Il y a à peine une semaine, Tesla révélait ses chiffres de livraisons internationales pour le premier trimestre, en baisse de 8,5% par rapport au premier trimestre 2023. Pire, c’est même 20% de moins par rapport à fin 2023, une première pour l’entreprise d’Elon Musk depuis 2020. à cette mauvaise nouvelle s’ajoute celle annoncée par l’agence Reuters en fin de semaine dernière qui faisait état de la fin du projet Model 2, une voiture électrique à 25 000 euros promise pour 2025.
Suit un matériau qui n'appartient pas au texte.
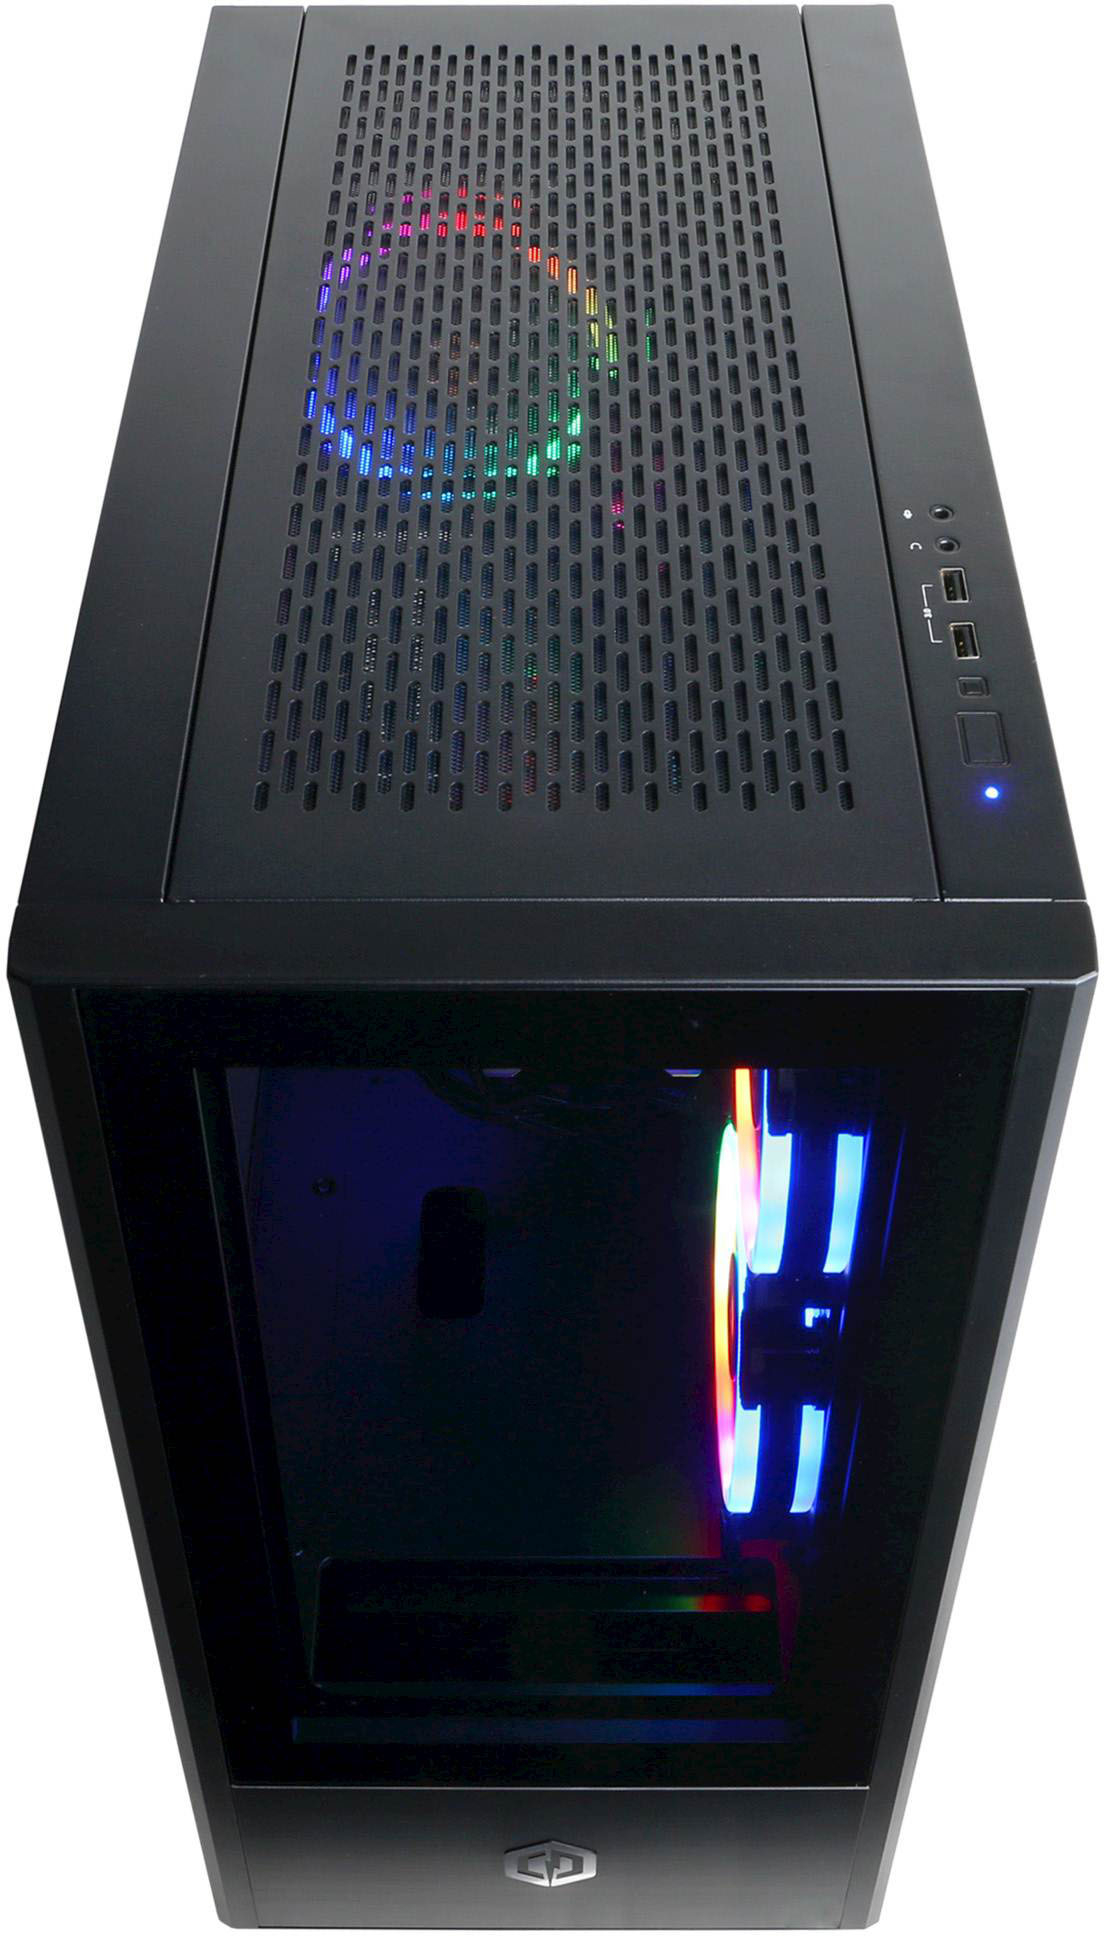 CYBERPOWERPC GXI11140CV12 Gamer Xtreme Gaming Desktop - Intel i5

Le groupe a également payé un lourd tribut aux attaques des Houthis en mer Rouge, l’obligeant à arrêter la production de voitures dans son usine de Berlin, en Allemagne, pendant deux semaines en février. Un mois plus tard, un incendie perpétré par un petit groupe d’extrême gauche a incendié un pylône électrique, bloquant une nouvelle fois la production sur ce site pendant plusieurs jours.
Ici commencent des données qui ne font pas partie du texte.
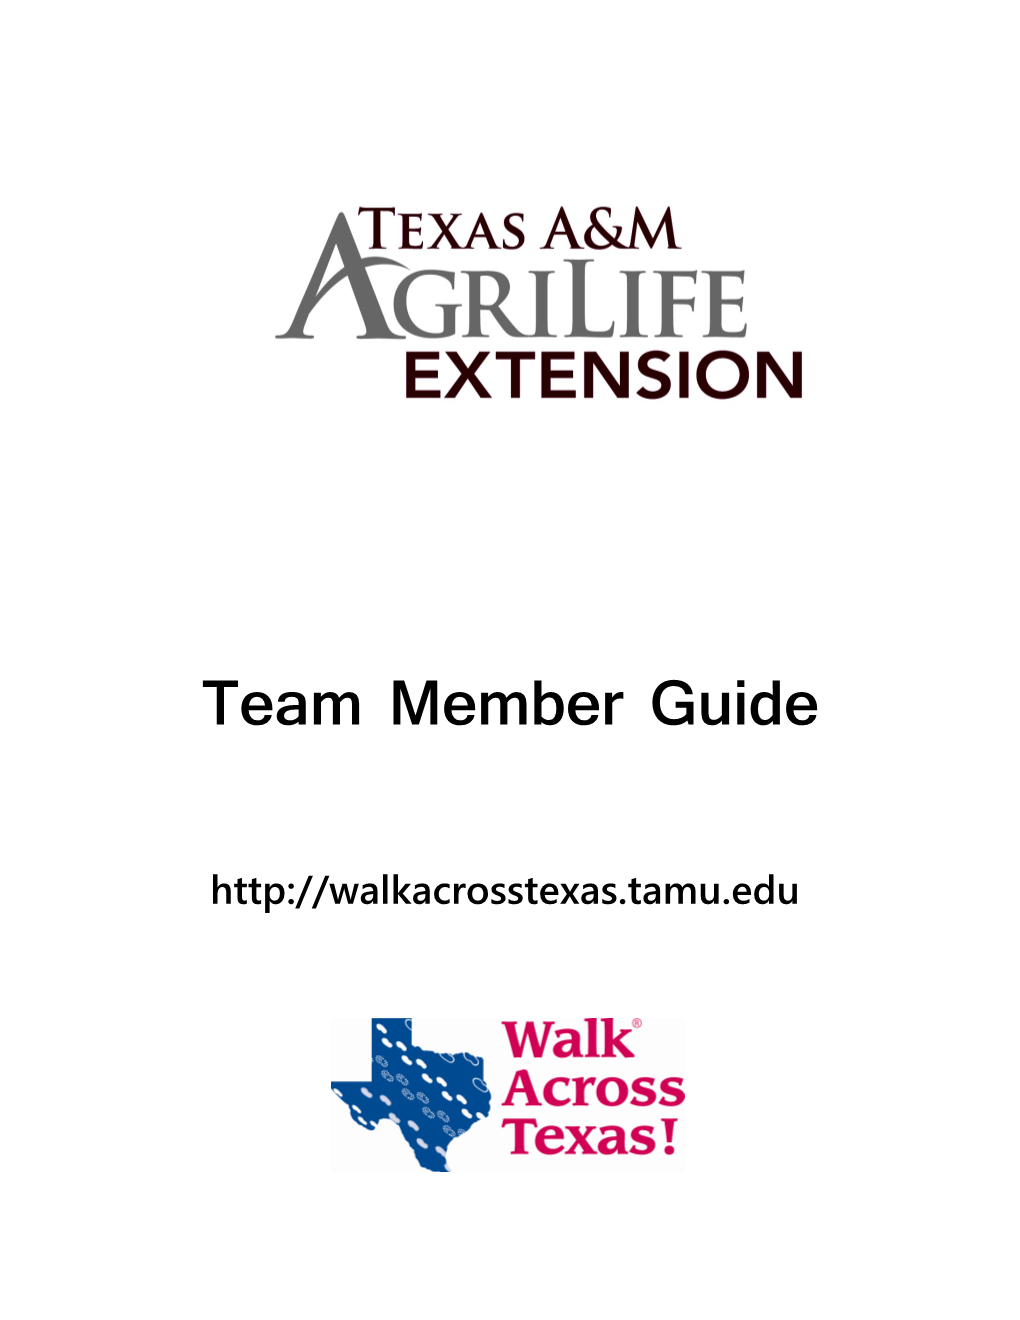 Walk Across Texas! Team Member Guide

Voitures électriques : la fin du bonus écologique arrête Tesla dans son élan

En janvier, la société américaine avait également prévenu que l’année en cours aurait  » un taux de croissance du volume de véhicules qui pourrait être nettement inférieur au taux de croissance atteint en 2023  » Tesla a vendu un peu plus de 1,85 million de véhicules électriques l’an dernier dans le monde, soit plus que l’objectif fixé par Elon Musk, son PDG (1,8 million) et proche des volumes de marques premium allemandes comme BMW et Mercedes et leurs 2,5 millions de voitures vendues. Cette annonce d’une baisse des ventes était justifiée par un délai  » entre deux vagues de croissance « . Pourtant, Tesla n’avait pas connu de tels déboires depuis ses premiers échecs, et la multiplication de ces problèmes remet en cause la stratégie de son dirigeant.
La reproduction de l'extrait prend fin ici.